Fermi liquid behavior in the 2D Hubbard model at low temperatures

TL;DR

This paper proves that the weak coupling 2D Hubbard model away from half filling exhibits Fermi liquid behavior at low temperatures, with stable Fermi surface and constant wave function renormalization, using Renormalization Group techniques.

Contribution

It establishes Fermi liquid behavior in the 2D Hubbard model at low temperatures through a convergent expansion and Renormalization Group analysis, a significant theoretical advancement.

Findings

Wave function renormalization remains order 1 and temperature independent.

Interacting Fermi surface is a regular convex curve.

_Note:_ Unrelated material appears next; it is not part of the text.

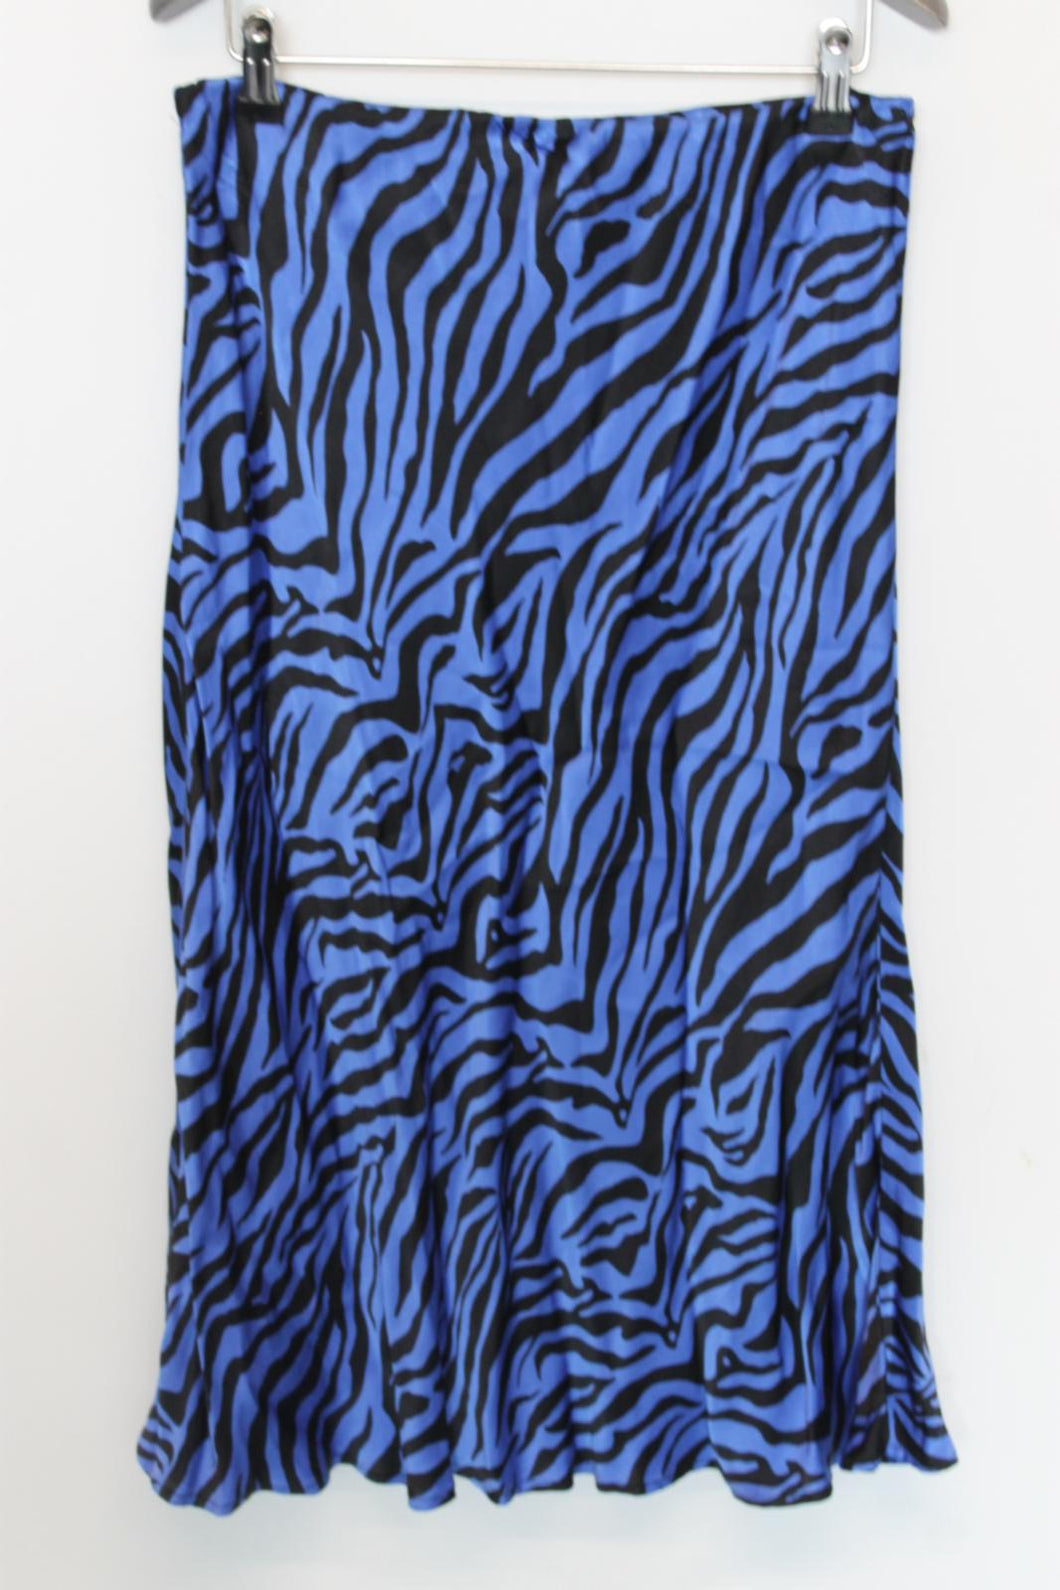 GHOST Ladies Black & Blue Zebra Print Straight Midi Skirt Size M

Fermi liquid behavior holds up to exponentially small temperatures.

Abstract

We prove that the weak coupling 2D Hubbard model away from half filling is a Landau Fermi liquid up to exponentially small temperatures. In particular we show that the wave function renormalization is an order 1 constant and essentially temperature independent in the considered range of temperatures and that the interacting Fermi surface is a regular convex curve. This result is obtained by deriving a convergent expansion (which is not a power series) for the two point Schwinger function by Renormalization Group methods and proving at each order suitable power counting improvements due to the convexity of the interacting Fermi surface. Convergence follows from determinant bounds for the fermionic expectations.